## Histograms: Reward Distribution Comparison (RAP-MCTS vs SC-MCTS*)
### Overview
The image contains two side-by-side histograms comparing reward distributions. The left histogram represents the baseline RAP-MCTS system, while the right histogram shows the SC-MCTS* system. Both use frequency counts on the y-axis, with distinct x-axis ranges and color-coded distributions.
### Components/Axes
**Left Histogram (RAP-MCTS):**
- **X-axis**: Reward values ranging from -640 to -560 (intervals of ~20)
- **Y-axis**: Frequency (0 to 2000)
- **Legend**:
- Spearman: 0.01
- Pearson: 0.01
- P-value: 0.2624
- **Color**: Uniform blue bars
**Right Histogram (SC-MCTS*):**
- **X-axis**: Δa values ranging from -4 to 4 (intervals of ~1)
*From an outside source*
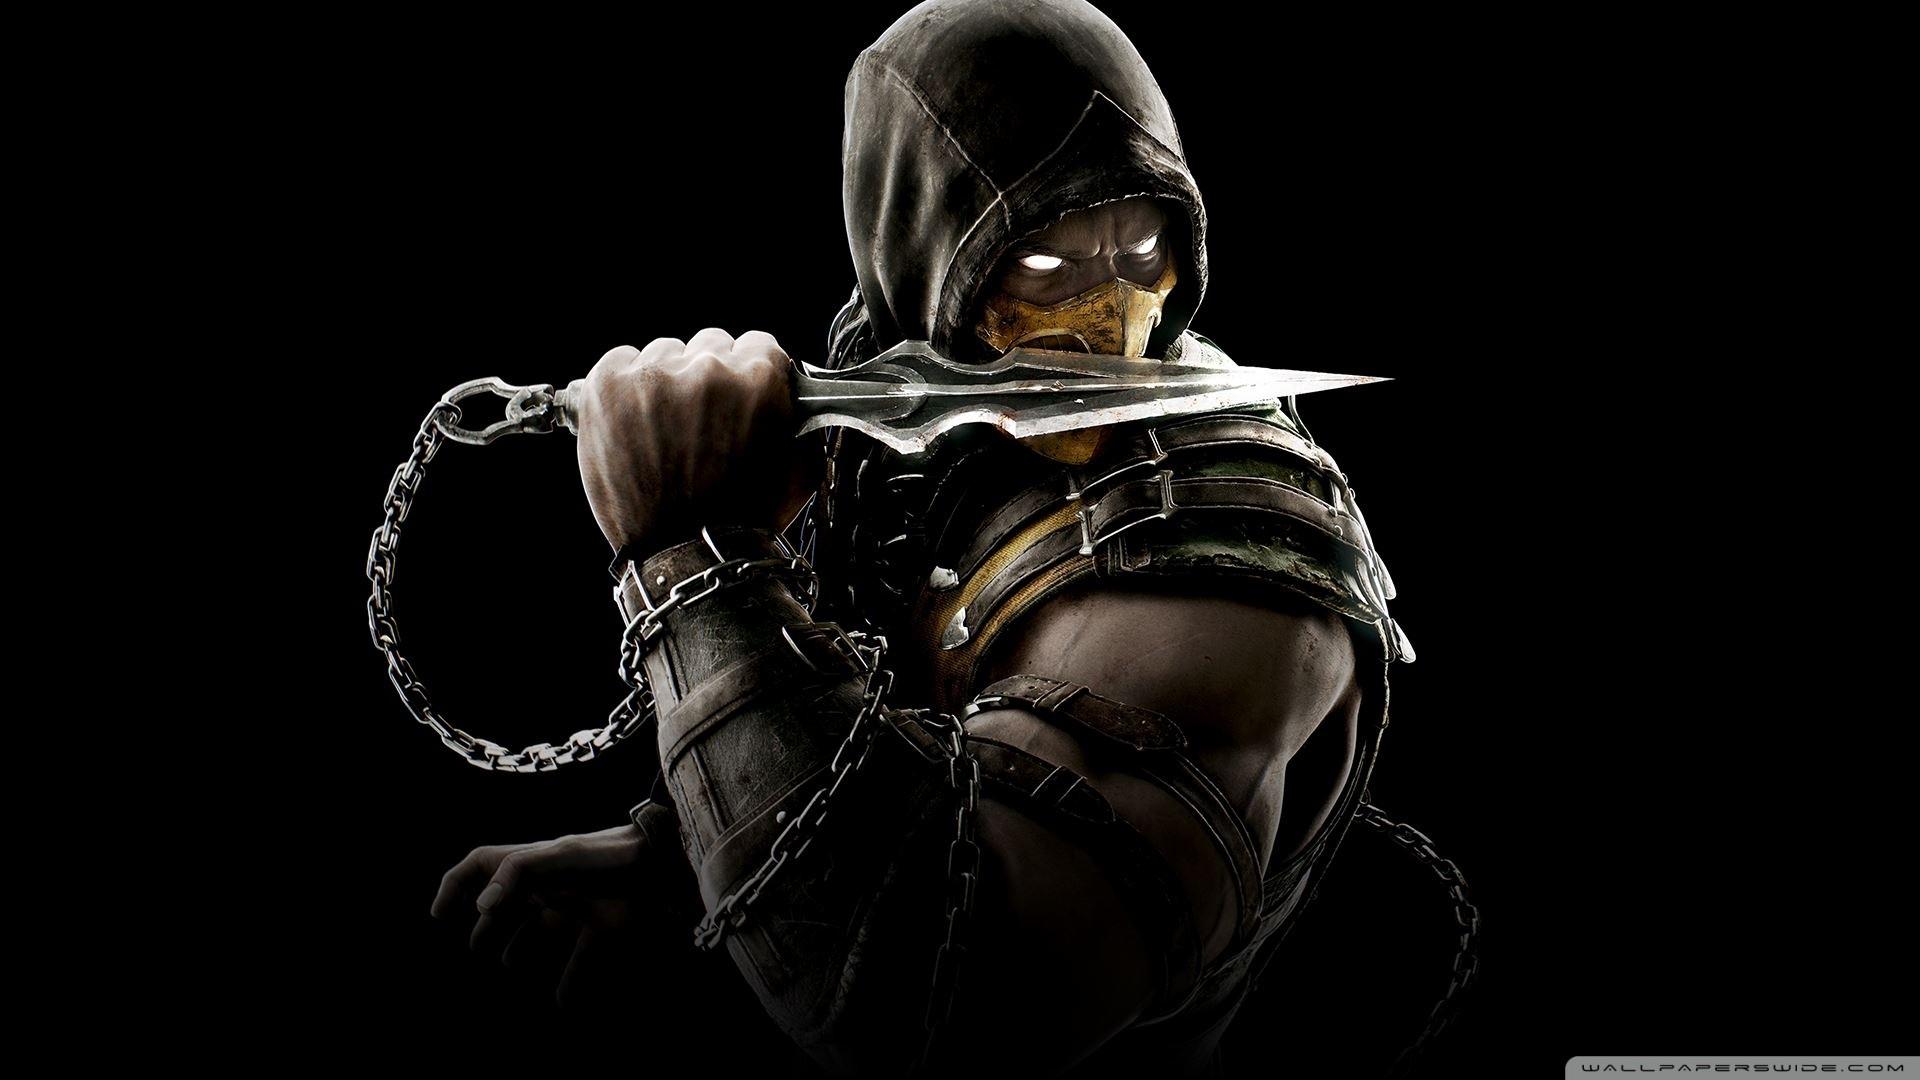 Mortal Kombat Scorpion Wallpaper 68 Images

- **Y-axis**: Frequency (0 to 2500)
- **Legend**:
- Spearman: 0.32
- Pearson: 0.32
- P-value: <0.0001
- **Color Gradient**: Purple (0.0) to Yellow (0.6) indicating "Proportion of Positive Δa"
### Detailed Analysis
**Left Histogram (RAP-MCTS):**
- Peak frequency (~2000) occurs at reward value -600
- Distribution spreads symmetrically between -640 and -560
- Frequencies decrease gradually toward the edges
- No visible color variation (uniform blue)
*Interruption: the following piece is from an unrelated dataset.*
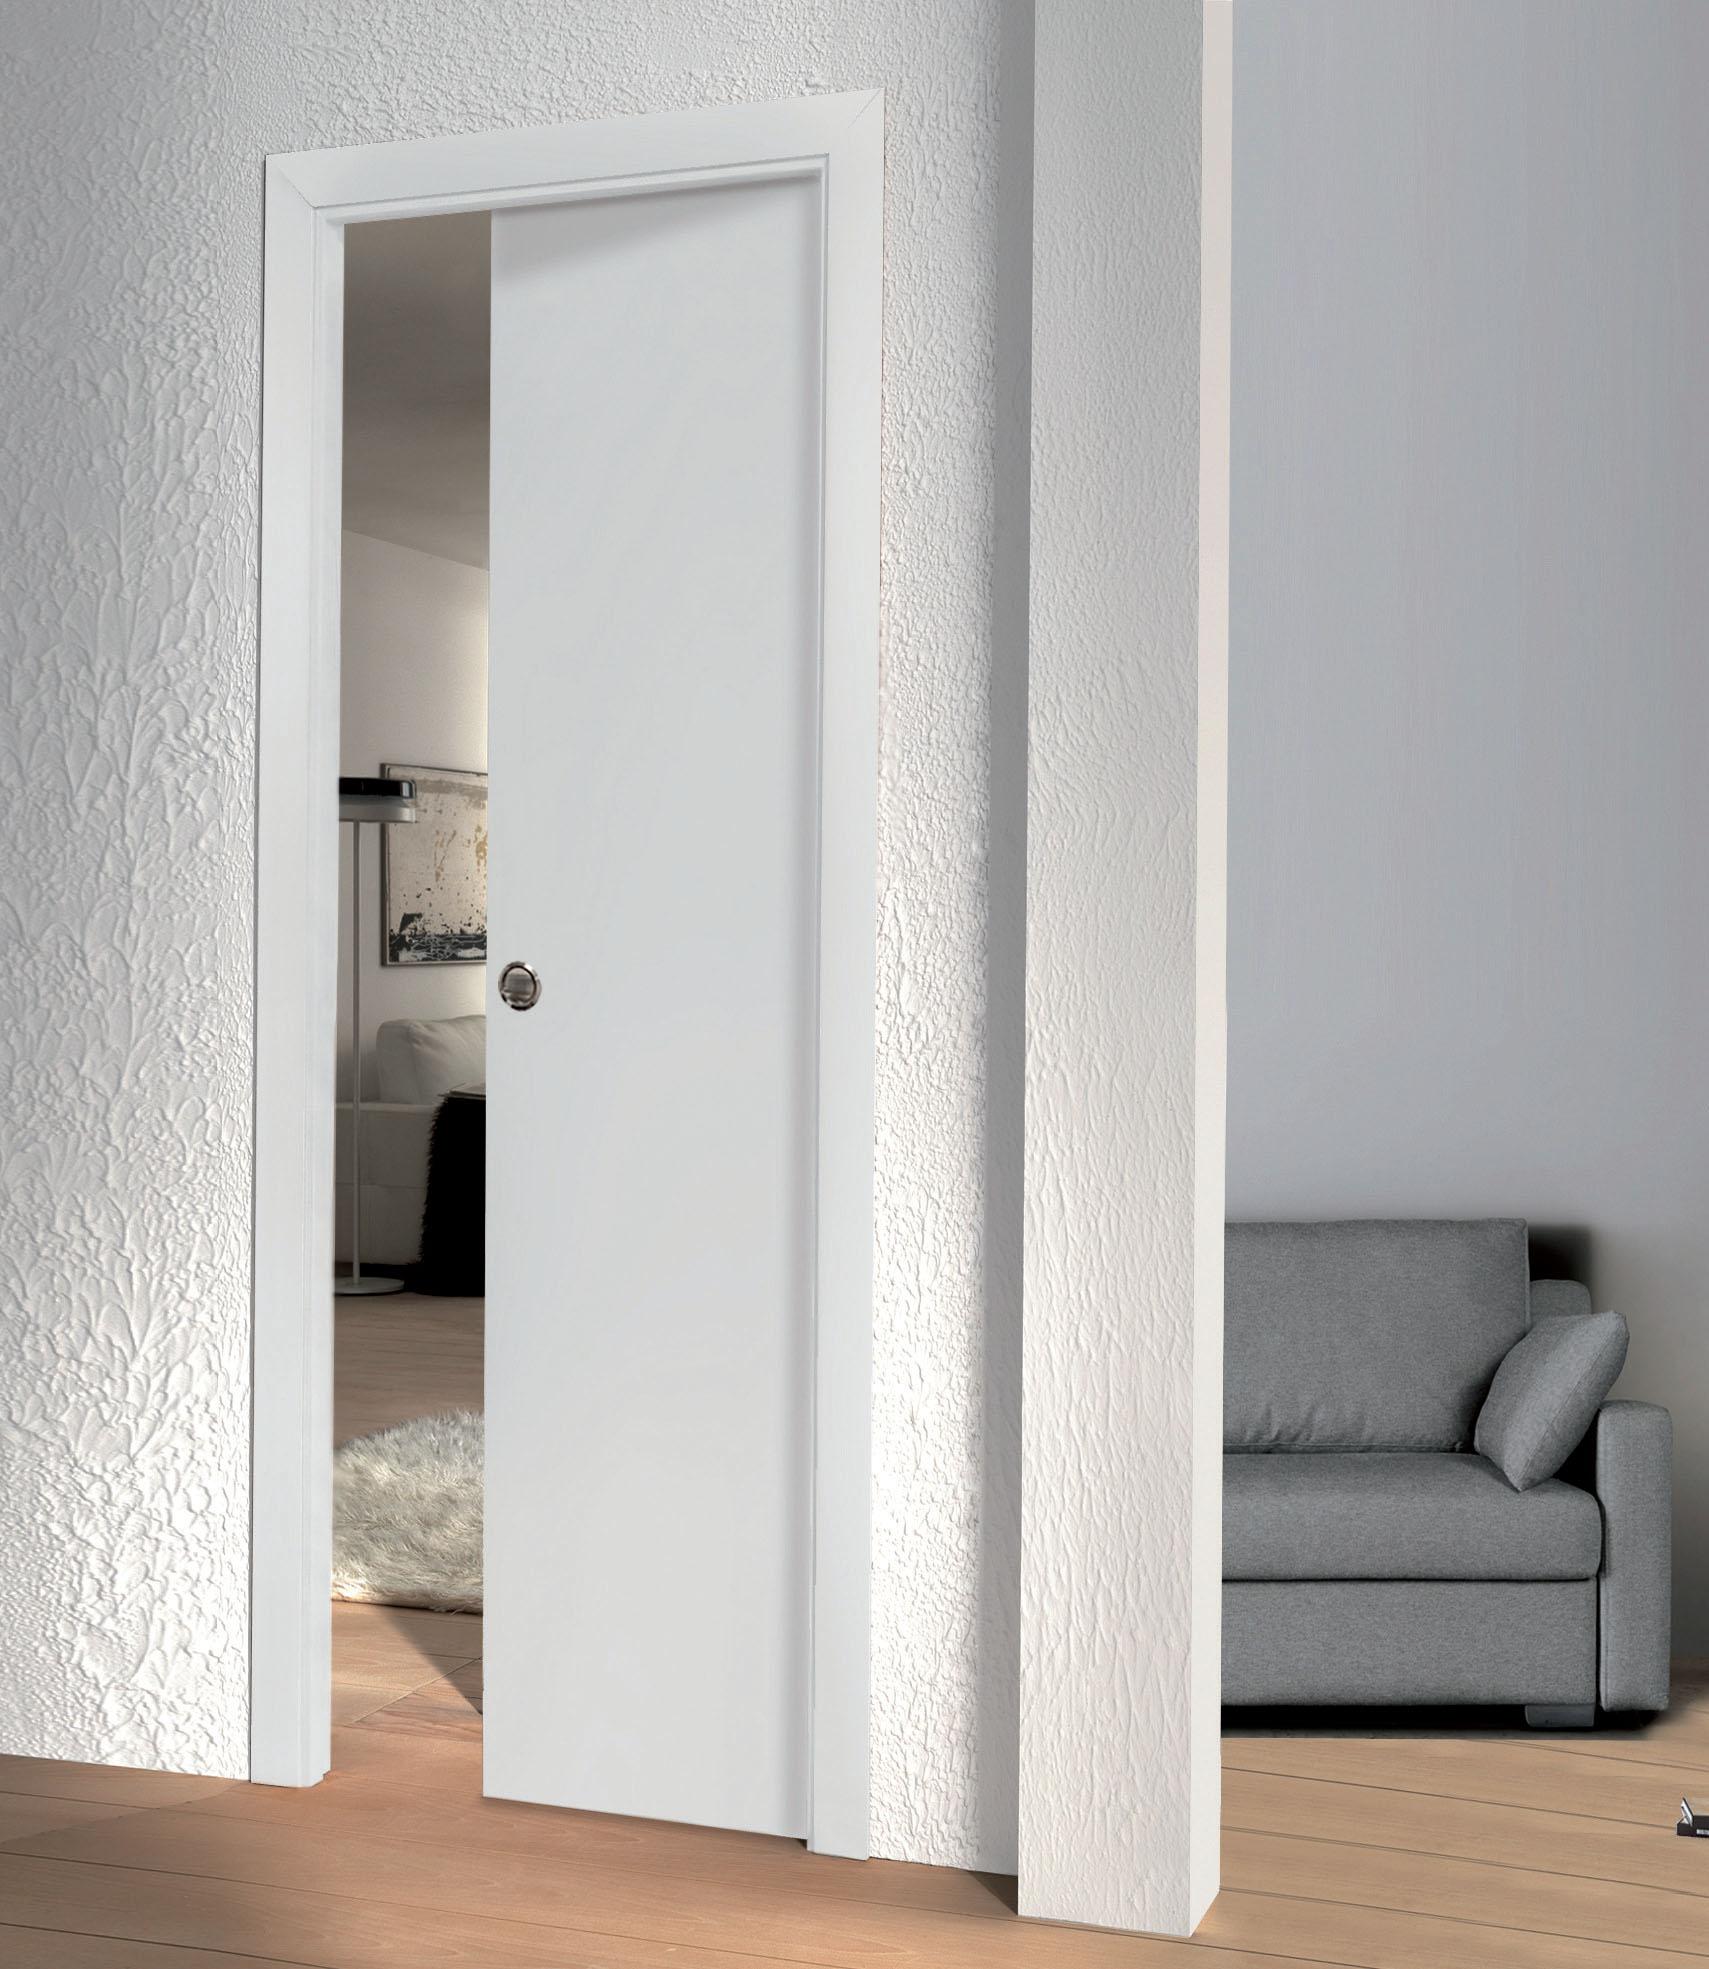 Puertas Olamendi Mod 4000 ~ Carriles Para Puertas Correderas

**Right Histogram (SC-MCTS*):**
- Peak frequency (~2500) occurs at Δa = 0
- Distribution narrows significantly compared to RAP-MCTS
- Right tail (positive Δa) shows higher frequency density
- Color gradient transitions from purple (left) to yellow (right), indicating increasing proportion of positive Δa values
### Key Observations
1. **Distribution Shape**:
- RAP-MCTS shows a wider, more uniform distribution
- SC-MCTS* exhibits a sharper peak at 0 with steeper declines on both sides
2. **Statistical Significance**:
- SC-MCTS* has a P-value <0.0001 vs RAP-MCTS' 0.2624, indicating highly significant differences
- Spearman/Pearson correlations (0.32 vs 0.01) suggest stronger linear relationships in SC-MCTS*
3. **Δa Proportions**:
- Right histogram's color gradient shows ~60% of rewards have positive Δa values (yellow region)
### Interpretation
The SC-MCTS* system demonstrates:
- **Improved Performance**: Narrower, more concentrated reward distribution around 0 suggests better target achievement
- **Statistical Robustness**: Lower P-value (<0.0001) confirms significant improvement over baseline
- **Positive Bias**: Color gradient reveals majority of rewards show positive Δa values, indicating systematic improvement
- **Correlation Strength**: Higher Spearman/Pearson values (0.32) suggest more consistent linear relationships in reward outcomes
The baseline RAP-MCTS shows:
- **Wider Variability**: Broader distribution implies less consistent performance
- **Negative Bias**: All rewards cluster in negative territory (-640 to -560)
- **Weaker Correlations**: Near-zero Spearman/Pearson values indicate minimal linear relationships
The color-coded Δa proportions in SC-MCTS* provide granular insight into reward quality distribution, revealing that higher positive deviations are more frequent in the improved system.